(Reuters) – New European Union pest control rules will cut South Africa’s orange exports to Europe by 20% this year, threatening thousands of jobs, the Citrus Growers Association (CGA) has said.
The new measures imposed by the EU last June require enhanced cold treatment for citrus exports due to concerns over False Codling Moth, a pest commonly found in sub-Saharan Africa, and Citrus Black Spot.
“Current estimates are that around 20% of oranges produced for Europe will not be shipped this year because of the new regulations,” CGA president Justin Chadwick said in a statement.
“This means that approximately 80,000 tons of oranges might not make it to European supermarket shelves,” he said.
South Africa is the world’s second largest citrus exporter after Spain and sold 32% of its oranges into the European market last year, according to the country’s Perishable Products Export Control Board.
The CGA wants South Africa to discuss the new pest regulations at a joint meeting of African Union and EU agriculture ministers to be held in Rome on June 30.
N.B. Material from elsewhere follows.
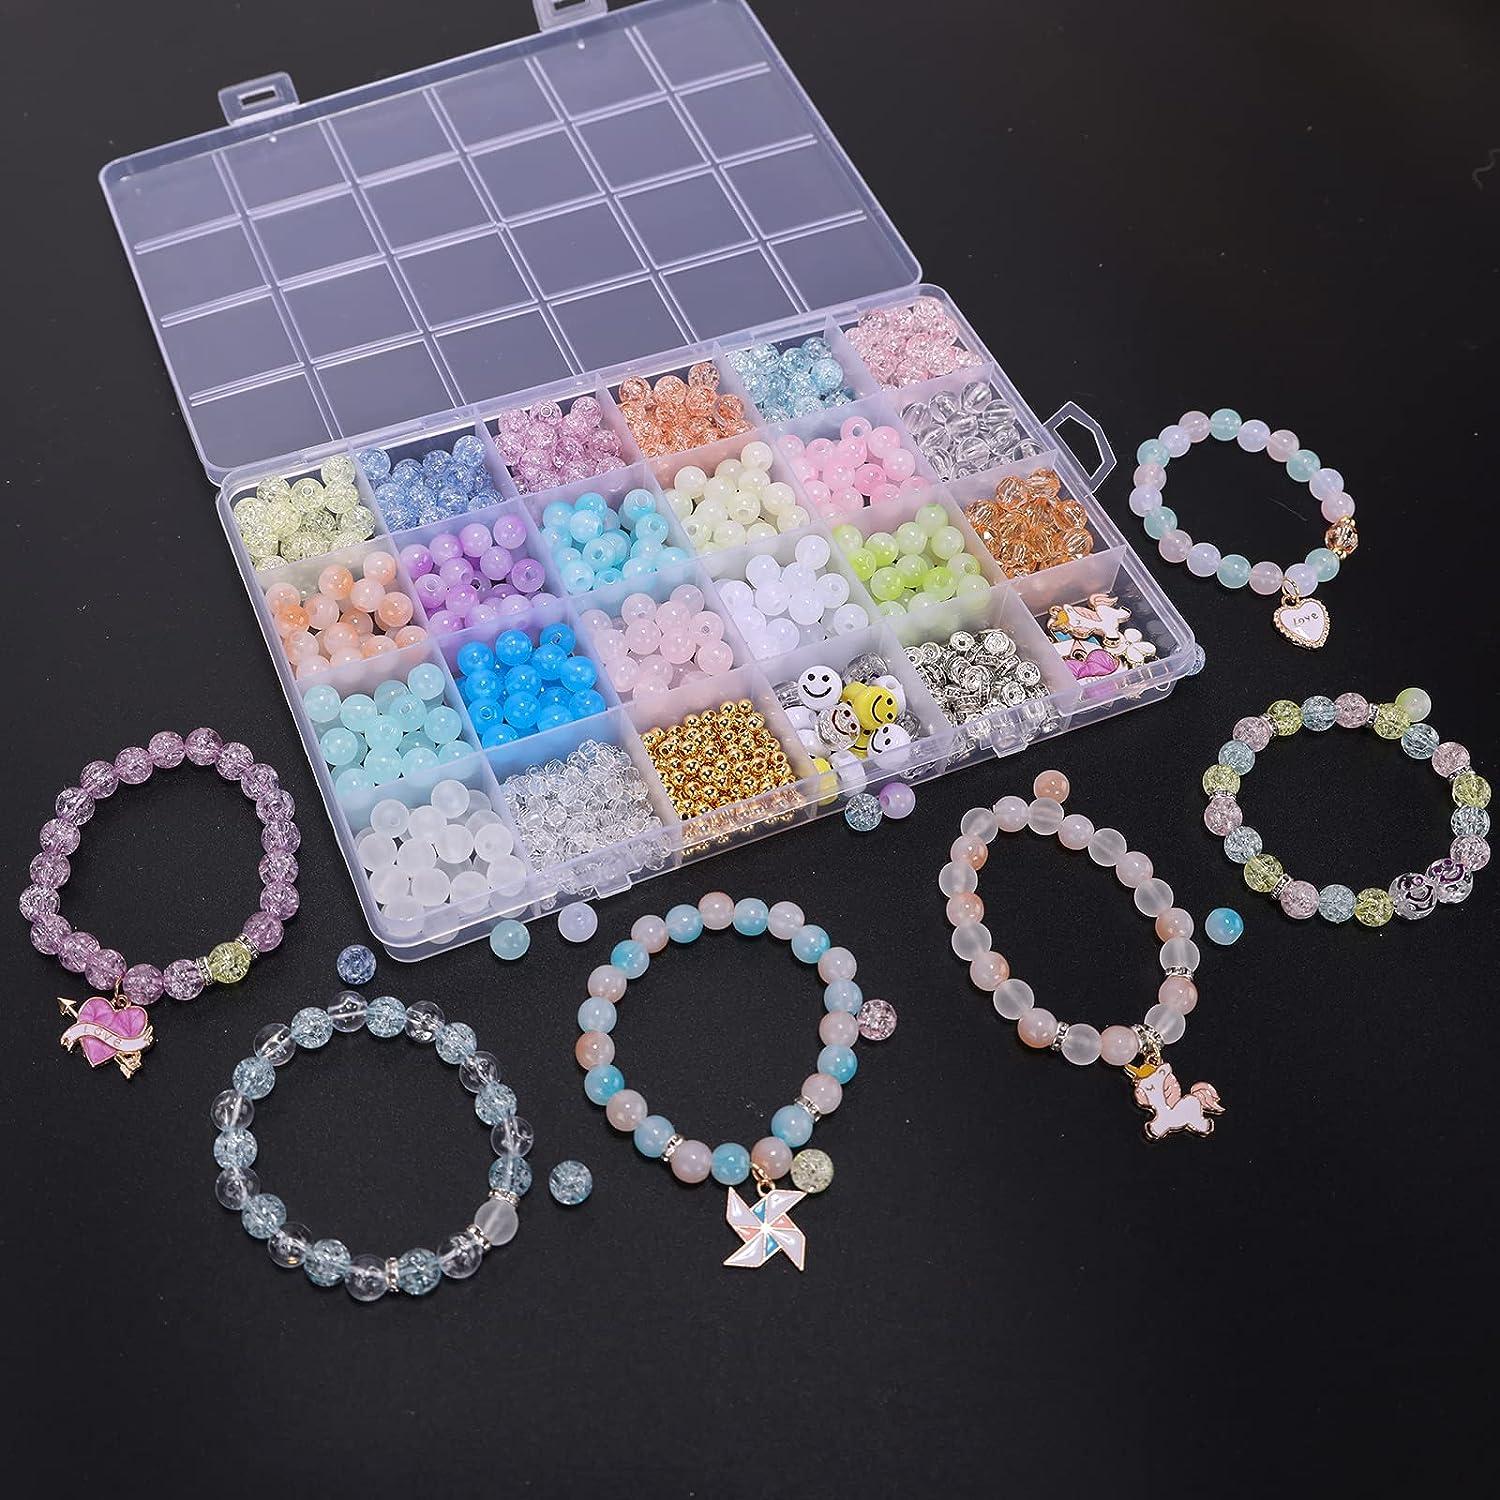 Wholesale Charm Bracelet Making Kit Jewelry Making Supplies Gift

Chadwick said the new EU rules, which require all South African oranges destined for Europe to be pre-cooled to below 2 degrees Celsius (35.6°F) for 20 days before shipment were “unfair and discriminatory” and would require $75 million investment in new cold storage technology and capacity.
“The CGA remains of the view that the new regulations have no basis in science and prescribes cold treatment that simply isn’t warranted,” Chadwick said.
The industry has presented “clear evidence” that its current False Codling Moth risk management system is highly effective and ensures that 99.9% of oranges entering the EU are pest free, he added.
Reduced orange exports into the EU market would result in a 500 million rand ($26.83 million) loss to growers, who lost 200 million rand when the rules were introduced midway through the 2022 export season, according to the CGA.